While we recommend future benchmark creators remove these identifiers entirely to create the most rigorous possible test environment, the correlation between names and actual vulnerabilities in real-world code is complex. Developers sometimes use security-related names precisely because they're implementing security controls, making naive reliance on such hints potentially counterproductive.
The benchmark results demonstrate ZeroPath's ability to accurately distinguish between vulnerable and secure implementations of the same functionality, even when similarly named. This suggests the core analysis is based on understanding code semantics rather than surface-level naming patterns.
Final Thoughts
Working with the XBOW benchmark brought to light some interesting challenges in evaluating security tools. Benchmarks are great, but they need to reflect the complexities of real-world applications to be truly useful. By removing the embedded hints and introducing false positives, we aimed to create a more realistic testing environment. This leveled the playing field between traditional SAST tools and AI-driven solutions like ZeroPath.
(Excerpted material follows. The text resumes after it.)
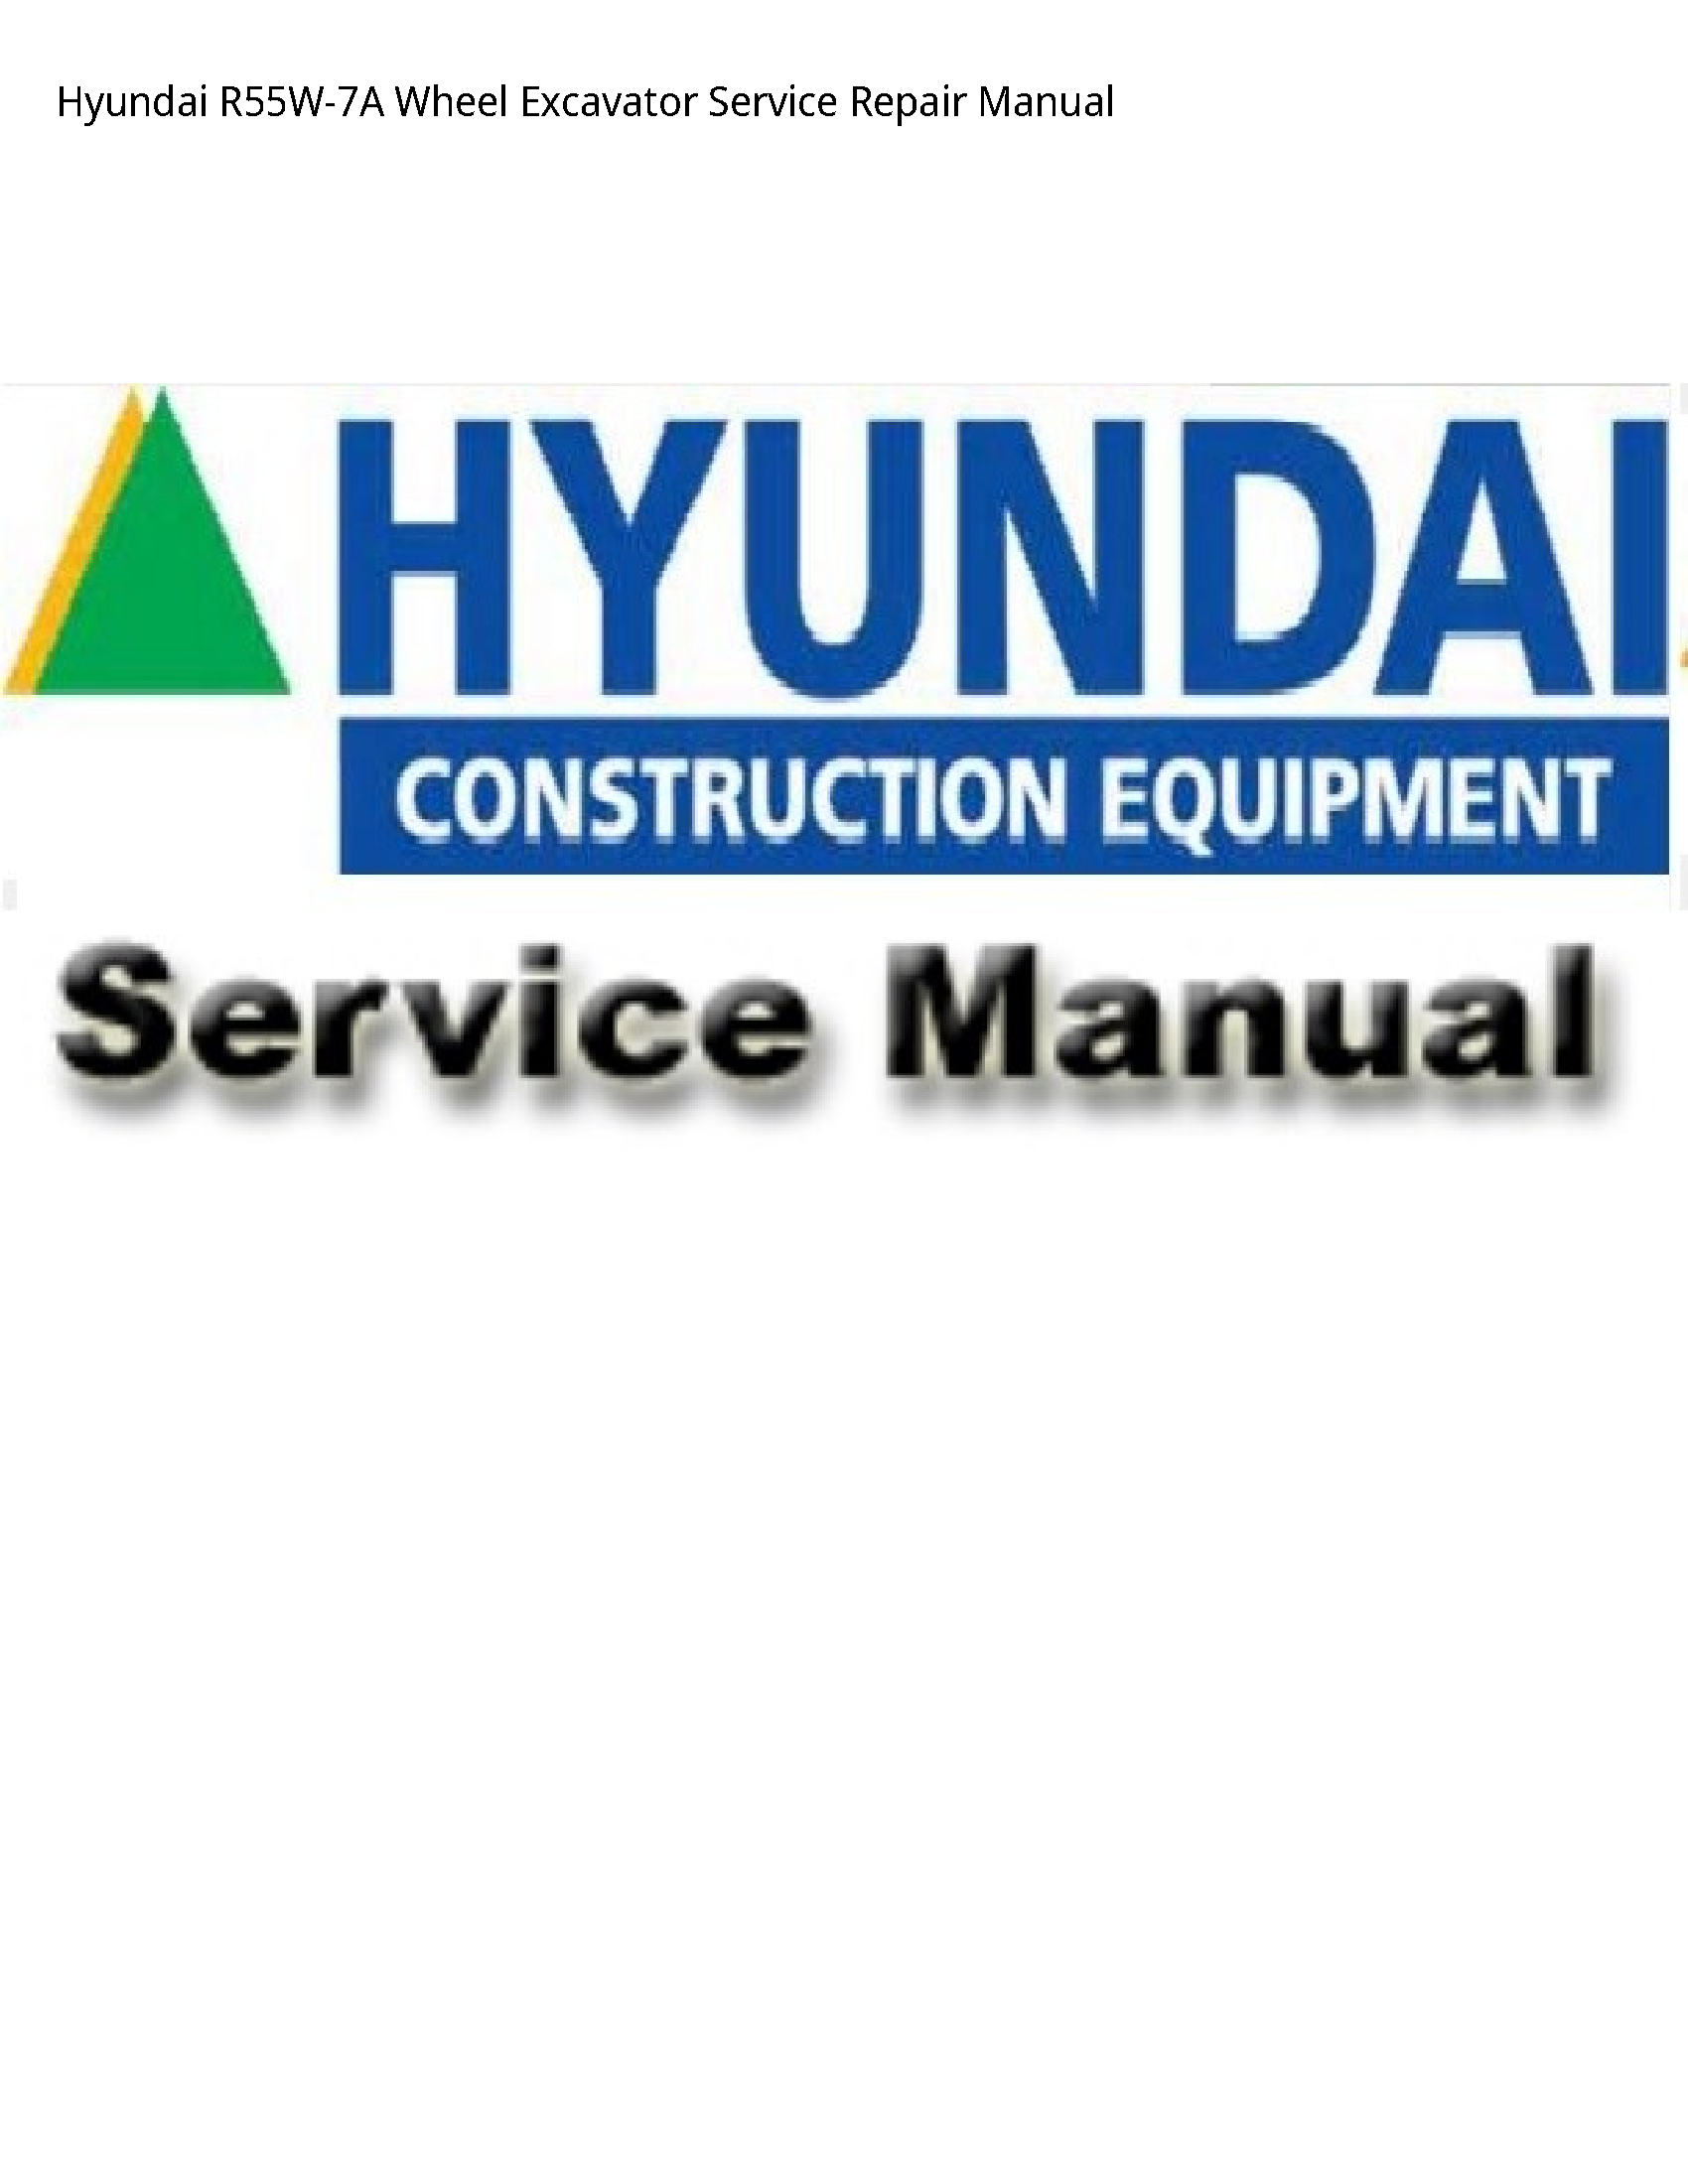 Hyundai R55W-7A Wheel Excavator manual
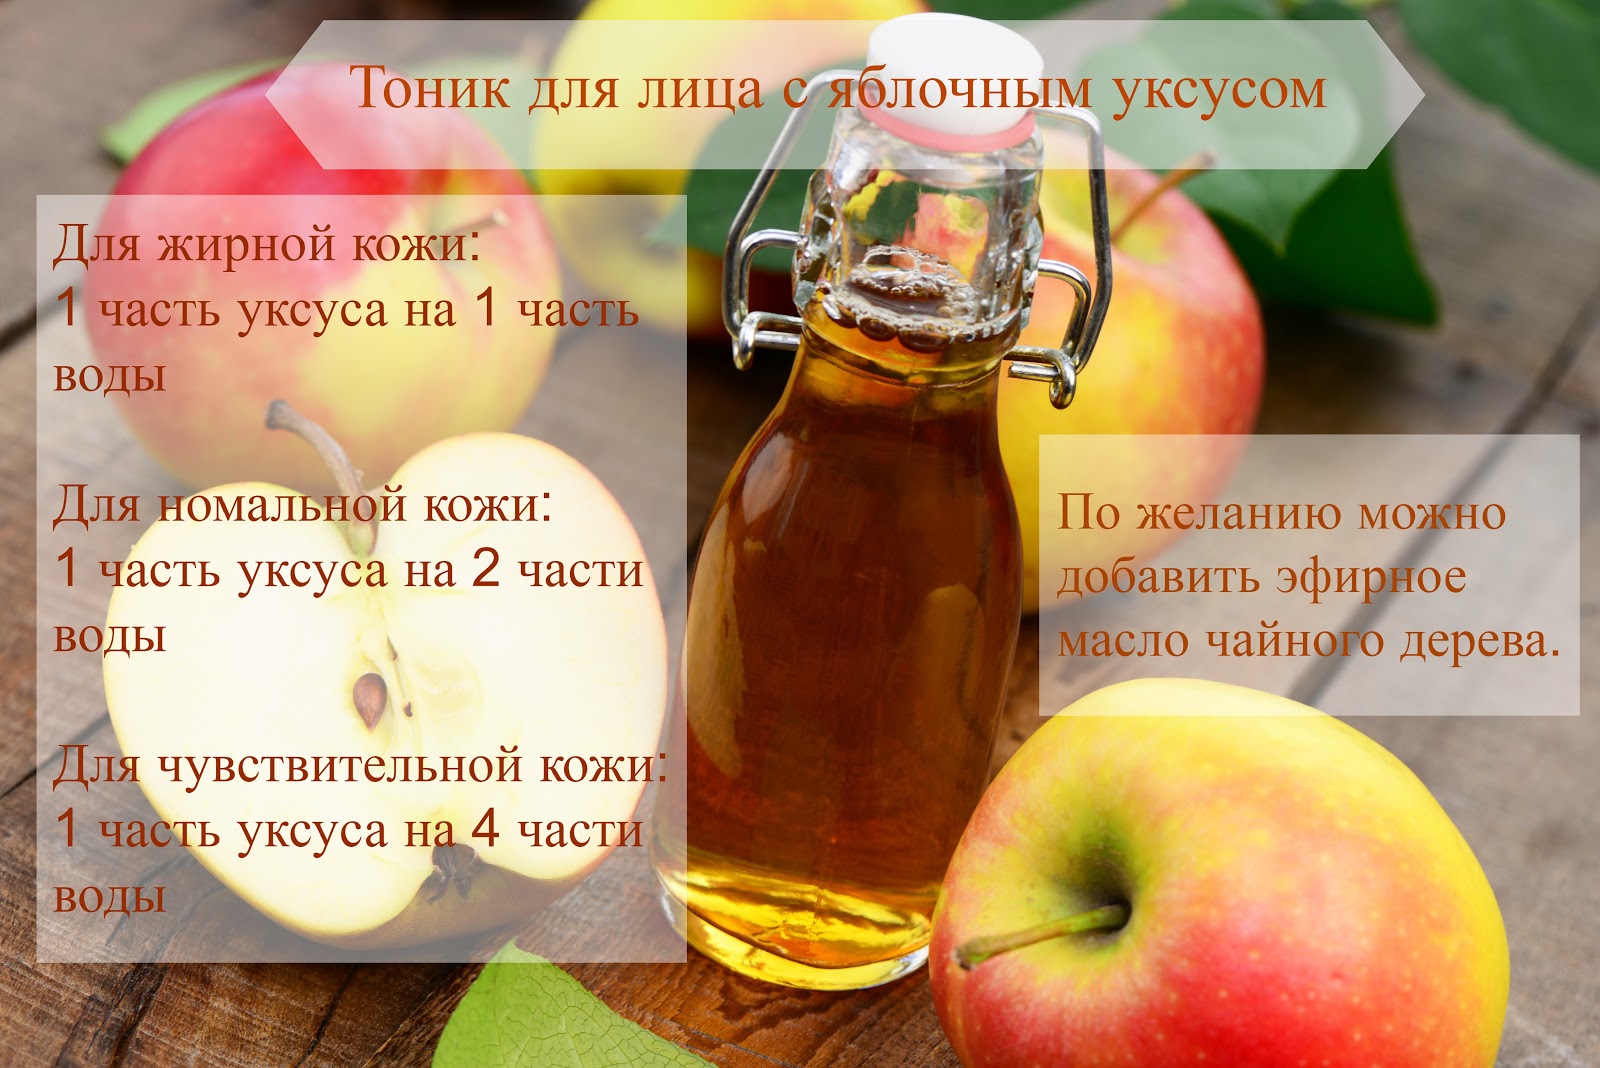 Яблочный уксус для похудения: польза и вред - помогают ли обертывания и можно ли его употреблять, как пить с медом и содой, как принимать?

We were surprised to find hints leaking into dynamic testing, which showed us how even small details can skew results. It highlighted the importance of careful benchmark design, especially when assessing tools meant for black-box penetration testing.
In the end, this experience reinforced the idea that benchmarks need to be thoughtfully crafted to provide meaningful insights. We're excited about the progress and look forward to seeing how these tools continue to evolve in tackling the complexities of modern application security.